From its use as field sign, the saltire came to be used in a number of flags, in the 16th century for Scotland and Burgundy, in the 18th century also as the ensign of the Russian Navy, and for Ireland. Notable 19th-century usage includes some of the flags of the Confederate States of America. It is also used in the flag of Jamaica and on seals, and as a heraldic charge in coats of arms.

The term saltirewise or in saltire refers to heraldic charges arranged as a diagonal cross. The shield may also be divided per saltire, i.e. diagonally.

A warning sign in the shape of a saltire is also used to indicate the point at which a railway line intersects a road at a level crossing.

Heraldry and vexillology 
The saltire is important both in heraldry, being found in many coats of arms, and in vexillology, being found as the dominant feature of multiple flags.

The saltire is one of the so-called ordinaries, geometric charges that span throughout (from edge to edge of) the shield. As suggested by the name saltire ("stirrup"; in French: sautoir, in German: Schragen), the ordinary in its early use was not intended as representing a Christian cross symbol. The association with Saint Andrew is a development of the 15th to 16th centuries. The Cross of Burgundy emblem originates in the 15th century, as a field sign, and as the Saint Andrew's Cross of Scotland was used in flags or banners (but not in coats of arms) from the 16th century, and used as naval ensign during the Age of Sail.

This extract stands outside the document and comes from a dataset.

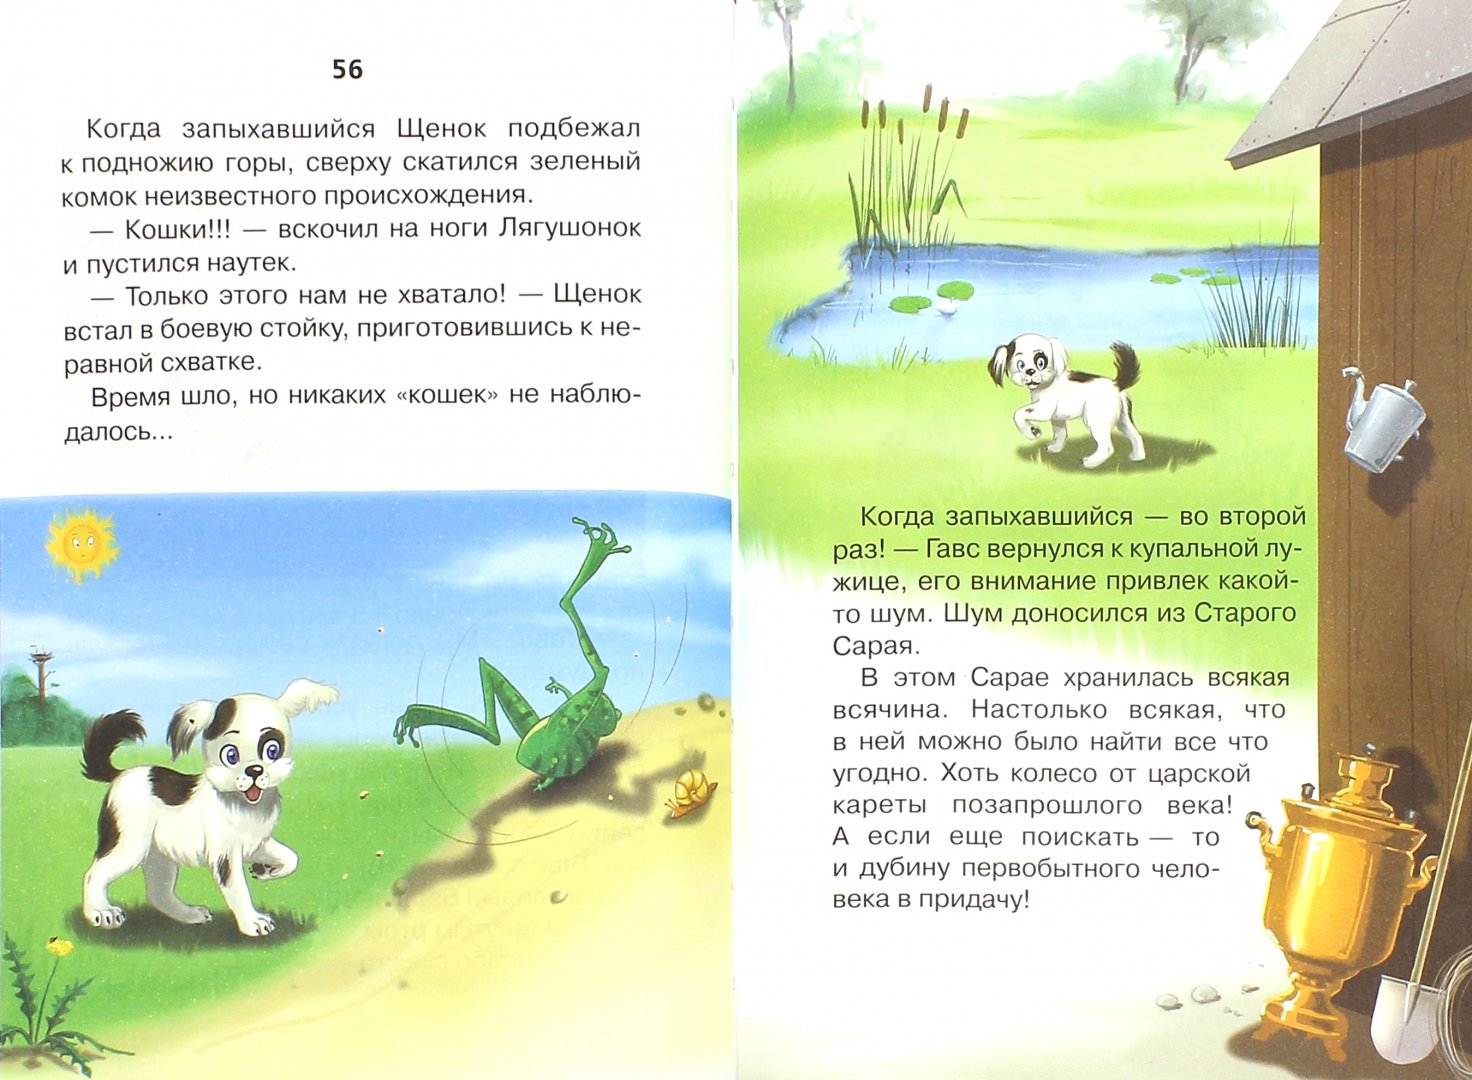 Иллюстрация 1 из 11 для Ктототам-Попятам - Игорь Шевчук | Лабиринт - книги. Источник: Лабиринт

When two or more saltires appear, they are usually blazoned as couped (cut off). For example, contrast the single saltire in the arms granted to G. M. W. Anderson—with the three saltires couped in the coat of Kemble Greenwood.

Diminutive forms include the fillet saltire, usually considered half or less the width of the saltire, and the saltorel, a narrow or couped saltire.

A field (party) per saltire is divided into four areas by a saltire-shaped "cut". If two tinctures are specified, the first refers to the areas above (in chief) and below (in base) the crossing, and the second refers to the ones on either side (in the flanks). Otherwise, each of the four divisions may be blazoned separately.

The phrase in saltire or saltirewise is used in two ways:
 Two long narrow charges "in saltire" are placed to cross each other diagonally. Common forms include the crossed keys found in the arms of many entities associated with Saint Peter and paired arrows.
 When five or more compact charges are "in saltire", they are arranged with one in the center and the others along the arms of an invisible saltire.

Division of the field per saltire was notably used by the Aragonese kings of Sicily beginning in the 14th century (Frederick the Simple), showing the pales of Aragon and the "Hohenstaufen" eagle (argent an eagle sable).

Scotland 

The Flag of Scotland, called The Saltire or Saint Andrew's Cross, is a blue field with a white saltire. According to tradition, it represents Saint Andrew, who is supposed to have been crucified on a cross of that form (called a crux decussata) at Patras, Greece.

The Saint Andrew's Cross was worn as a badge on hats in Scotland, on the day of the feast of Saint Andrew.

In the politics of Scotland, both the Scottish National Party and Scottish Conservative Party use stylised saltires as their party logos, deriving from the flag of Scotland.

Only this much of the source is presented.